— Work order —
When the line with "Dollar Comics Green Lantern Rebirth #1" turns up below, begin repeating exactly, and carry on through the line with "Ручка MASTER SOFT Красная 1040-03"; no pictures go into the copy.

— Data —
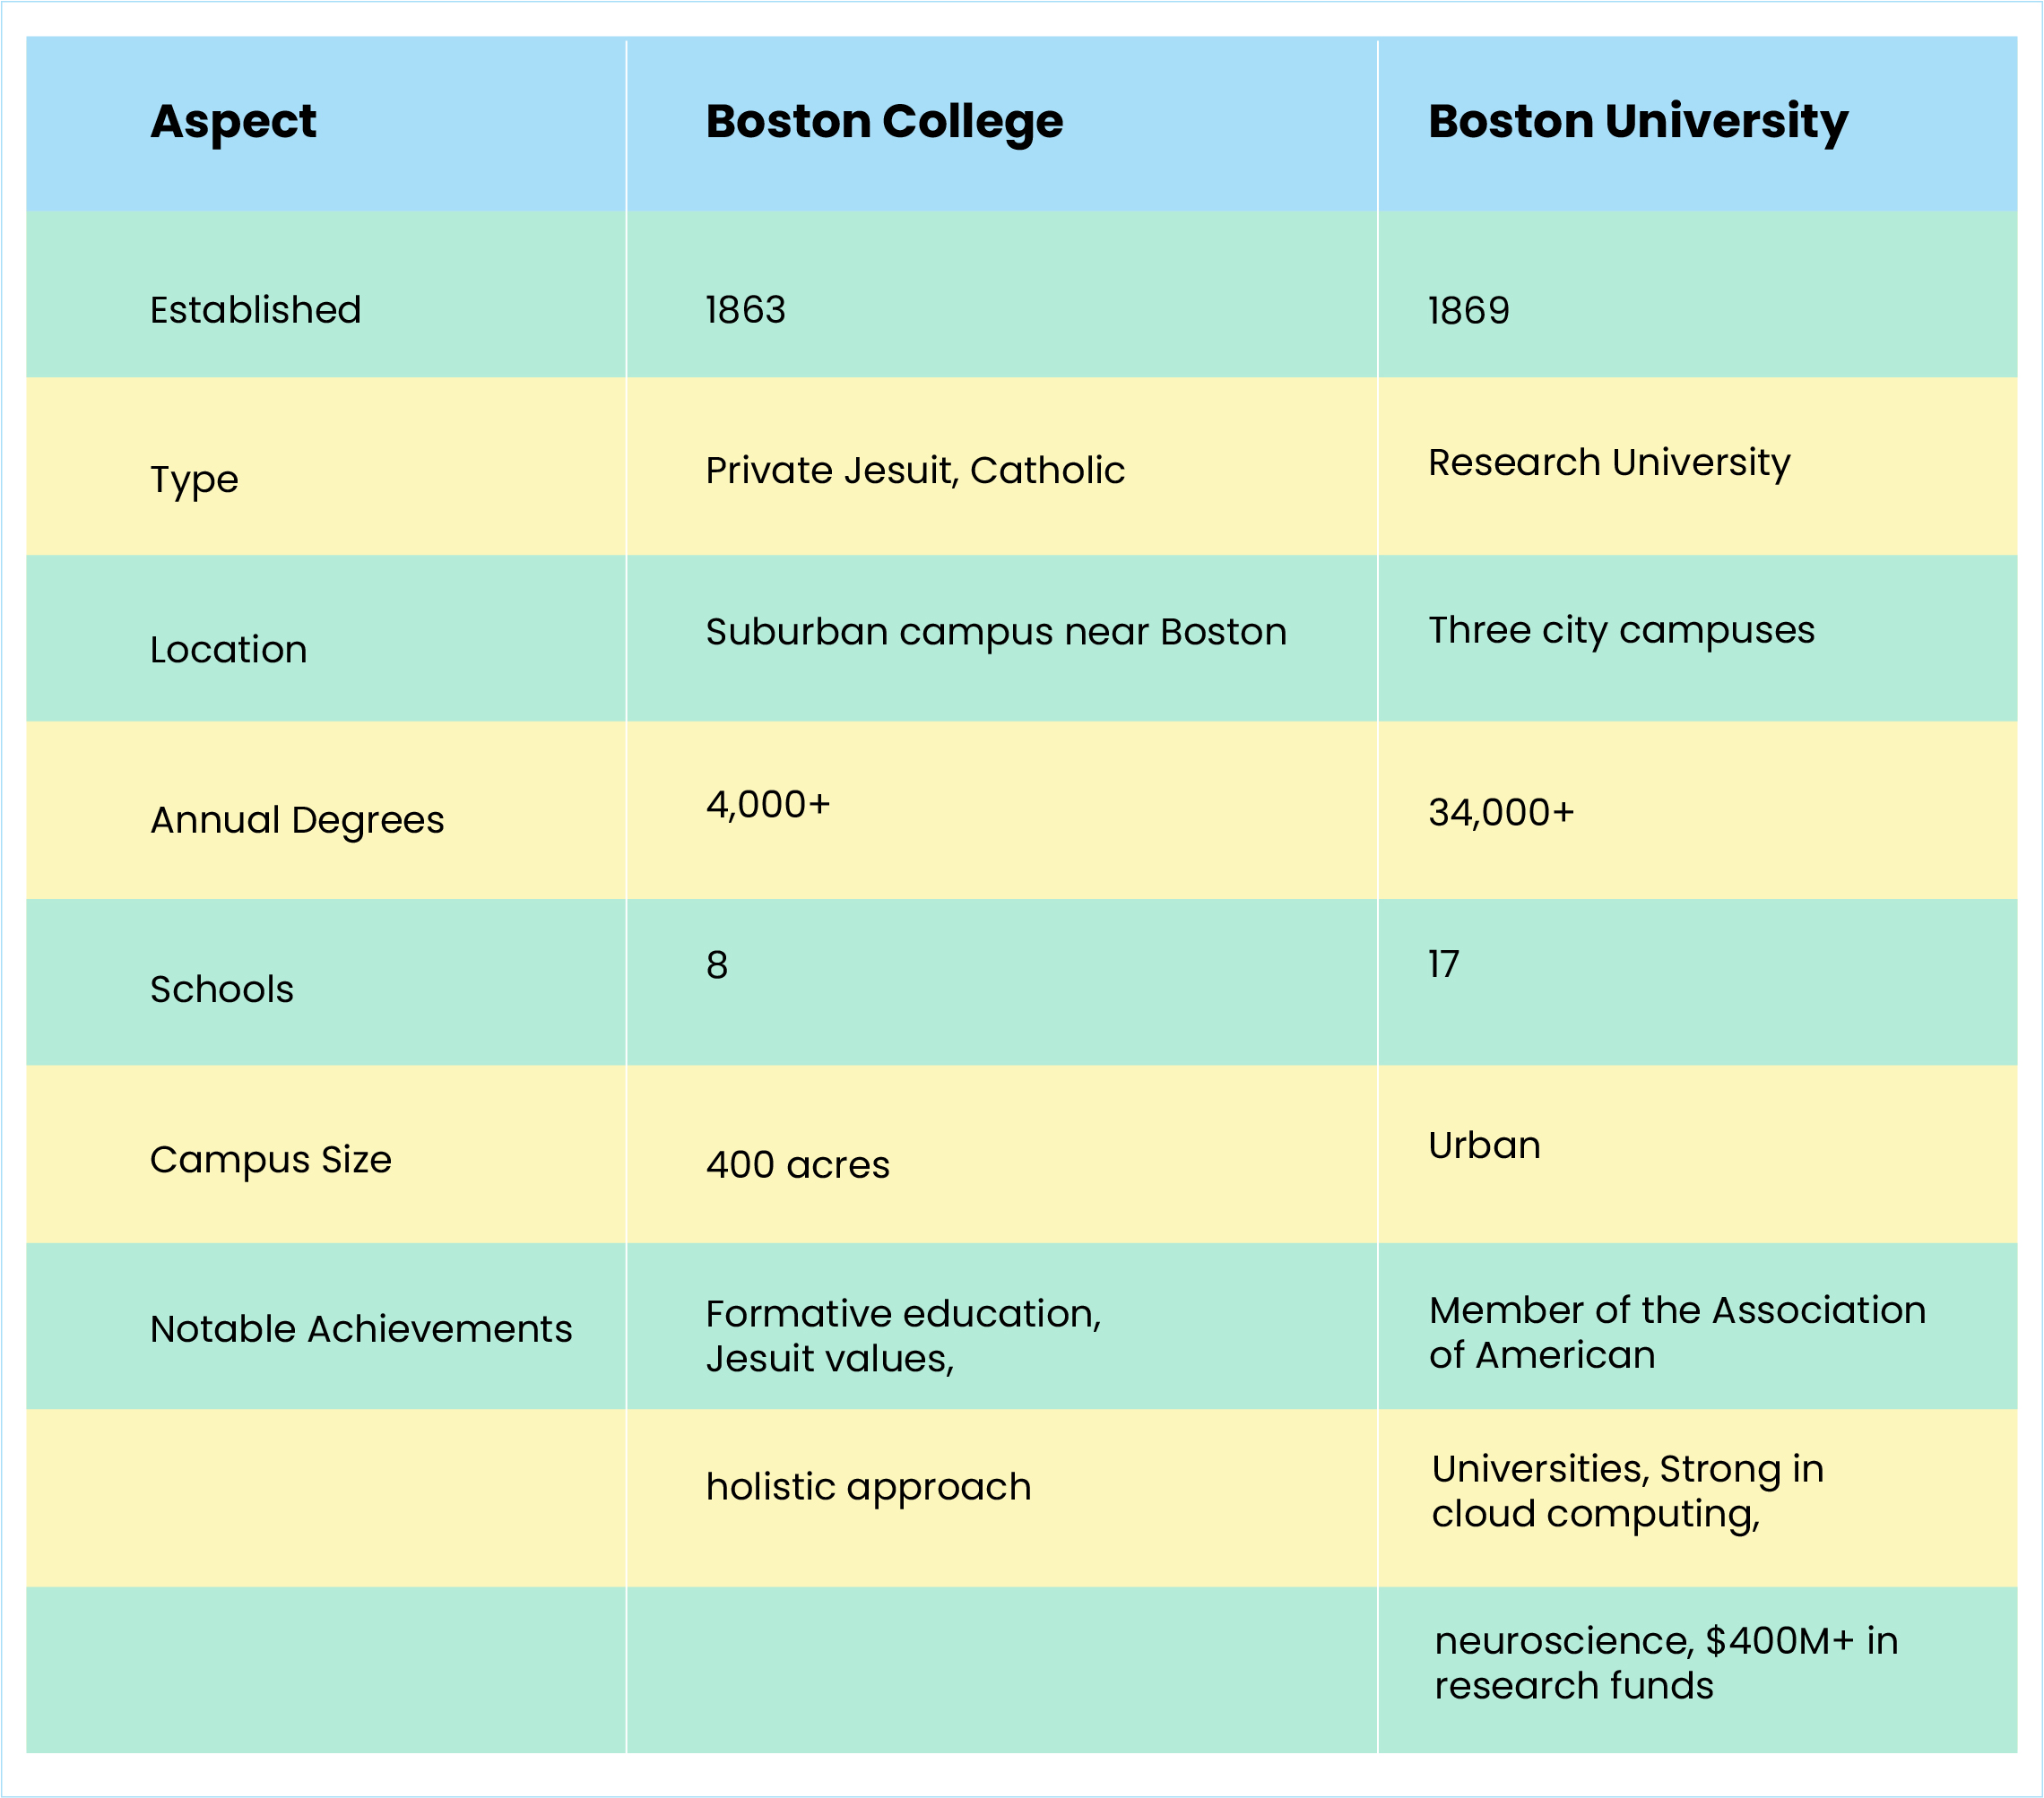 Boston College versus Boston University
...
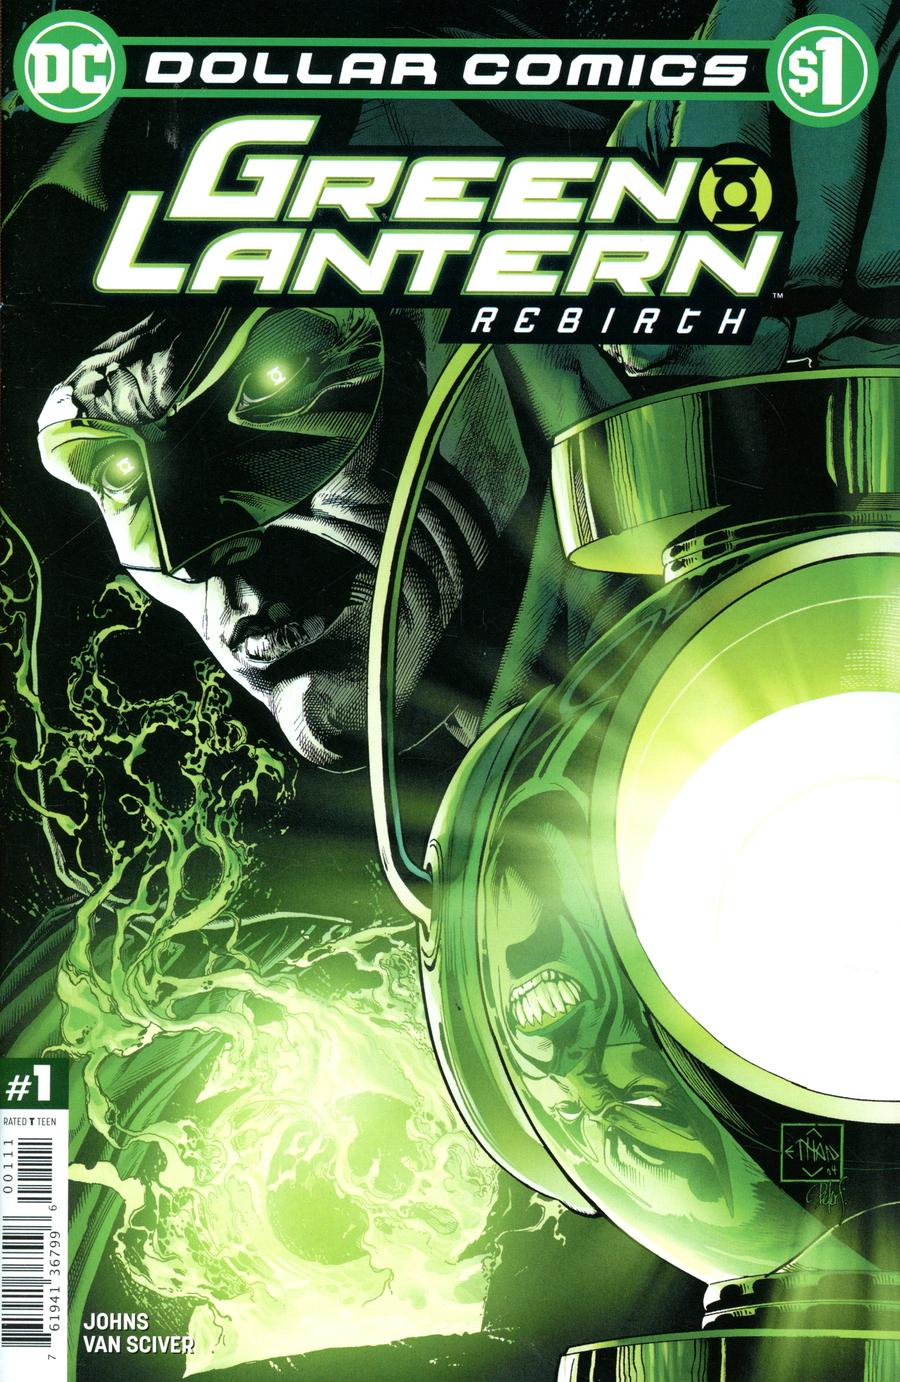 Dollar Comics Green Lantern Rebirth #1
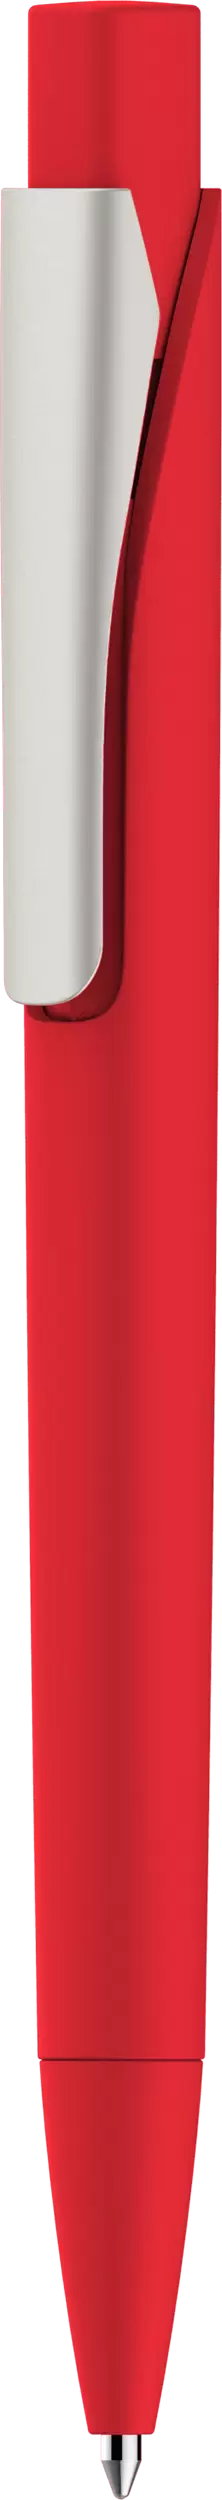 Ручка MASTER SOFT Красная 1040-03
* * *
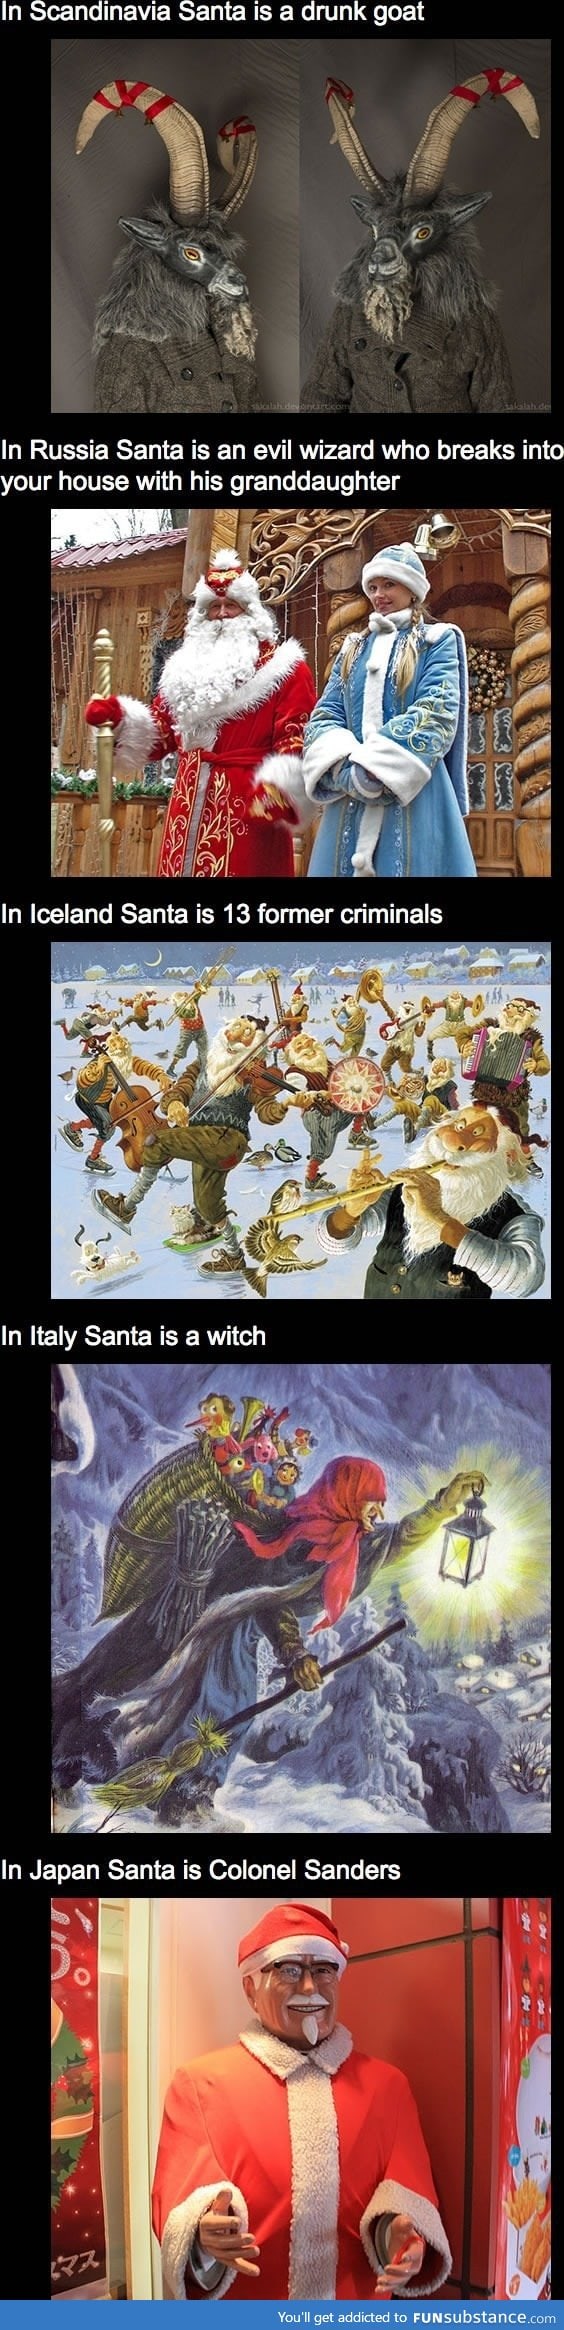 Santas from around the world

— Output —
 Dollar Comics Green Lantern Rebirth #1
 Ручка MASTER SOFT Красная 1040-03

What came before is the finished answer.